我正在 python 中寻找一种有效的方法来比较多个大型无序字符串和重复字符,并根据它们是否相同返回 true 或 false。

约束条件:

  • 字符只是字母表
  • 字符串大小可以是数千个字符

例如:

string_1 = "hjqzukcwwkpjzyvwjbdyfbjvjmqgimhgjiumaipiragpktuchkqqgfaycktkawjjytqytftdpfepnigtrxevbbwbyqfpfzawvdhdhyakfeyindxxdwkyccqhjgtcfpkanrauexvrijhmbwfbahcxdhzdzhfyjwivzrxmepbweygntikuburewahpynuxayaefczqmrrmfeafxfujqxfiwtgaddatuqdggcxcynvgvxijqmhaukvxmmzaykbtcbazwxyecivbyxyzvndpjncvzwkfwwpvyphadwdfejjiawqgryetzzxvzmjbtzctupimvcufcdpuajuaxactcrhgjjmifvdvvckbjgwhcxaqurdupzgkftvnqcbeuytipqanyaffmxmbaxvnitdytkgwvzarqmqaxzejbiqtaqxmnrikgzbvjddnqtexackvpwnwxwypmtxnfdjfujffqnrefgurnuumwhdfrfxfyqiaquwaeqrmkktaxzymnajazpwbpyaxqzckwrieaxkjcrkdizxekmtcgejprfzqjrbfgxjzfpwdknipfqjnmmfhnpexrxqyyztcmfjeakfzhnghinibdpyammgccxjcxnqeitmgfnqmkrwtwgzefbqmzhzgqymetedrwamebuadhhikcddfteugrynfdibimrrbxuwzhmfhxxixrumqxtkv"
string_2 = "indnrefgurnuumwhdfrfxfyqiaquwaeqrmkktaxzymnajazpwbpyaxqzckwrieaxkjcrkdizxekmtcgejprfzqjrbfgxjzfpwdknipfqjnmmfhnpexrxqyyztcmfjeakfzhnghinibdpyxxdwkyccqhjgtcfpkanrauexvrijhmbwfbahcxdhzdzhfyjwivzrxmepbweygntikuburewahpynuxayaefczqmrrmfeafxfujqxfiwtgaddatuqdggcxcynvgvxijqmhaukvxmmzaykbtcbazwxyecivbyxyzvndpjncvzwkfwwpvyphadwdfejjiawqgryetzzxvzmjbtzctupimvcufcdpuajuaxactcrhgjjmifvdvvckbjgwhcxaqurdupzgkftvnqcbeuytipqanyaffmxmbaxvnitdytkgwvzarqmqaxzehjqzukcwwkpjzyvwjbdyfbjvjmqgimhgjiumaipiragpktuchkqqgfaycktkawjjytqytftdpfepnigtrxevbbwbyqfpfzawvdhdhyakfeyjbiqtaqxmnrikgzbvjddnqtexackvpwnwxwypmtxnfdjfujffqammgccxjcxnqeitmgfnqmkrwtwgzefbqmzhzgqymetedrwamebuadhhikcddfteugrynfdibimrrbxuwzhmfhxxixrumqxtkv"
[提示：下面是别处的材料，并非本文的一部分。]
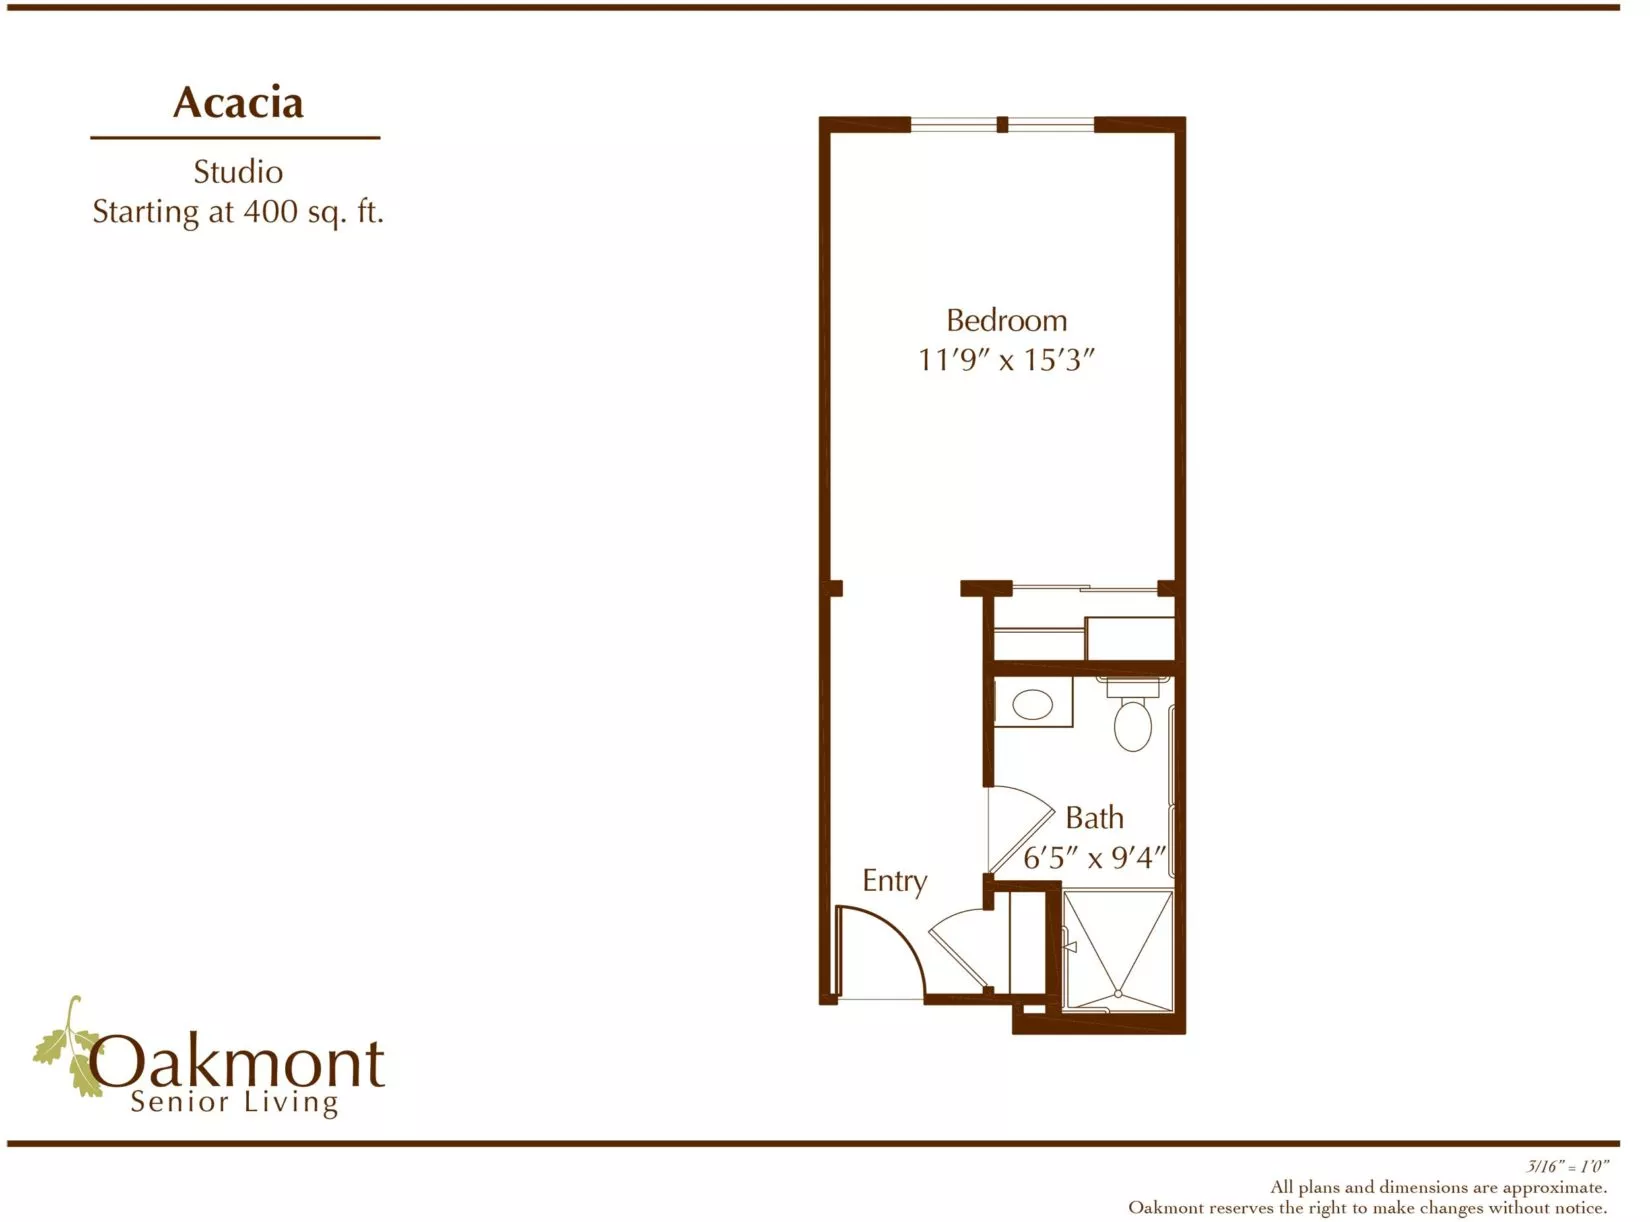 Acacia studio floor plan

if sorted(string_1) == sorted(string_2):
    return True

这变得非常慢,因为它在检查之前对整个字符串进行排序,我也不能使用集合,因为它们没有考虑字符的出现。我将不胜感激有关如何进行此检查的任何意见。

python string string-comparison
4个回答
3
投票

你可以使用

collections.Counter
,它在线性时间内得到每个字符的频率。

from collections import Counter
print(Counter(string_1) == Counter(string_2))

2
投票

快速解决方案:

from string import ascii_lowercase as abc

def anagrams(s, t):
    if len(s) != len(t):
        return False
    for c in abc[1:]:
        if s.count(c) != t.count(c):
            return False
    return True

字符串长度为 5000 的基准:

anagrams
 300.6 ±  0.4 μs  Kelly
 417.2 ±  3.0 μs  Unmitigated
1202.3 ±  3.7 μs  chrisfang
1547.4 ±  5.2 μs  original

not anagrams
  14.1 ±  3.3 μs  Kelly
 414.9 ±  5.0 μs  Unmitigated
1210.6 ±  9.3 μs  chrisfang
1555.0 ± 11.5 μs  original

基准代码:

def Kelly(s, t):
    if len(s) != len(t):
        return False
    for c in abc[1:]:
        if s.count(c) != t.count(c):
            return False
    return True

def original(string_1, string_2):
    return sorted(string_1) == sorted(string_2)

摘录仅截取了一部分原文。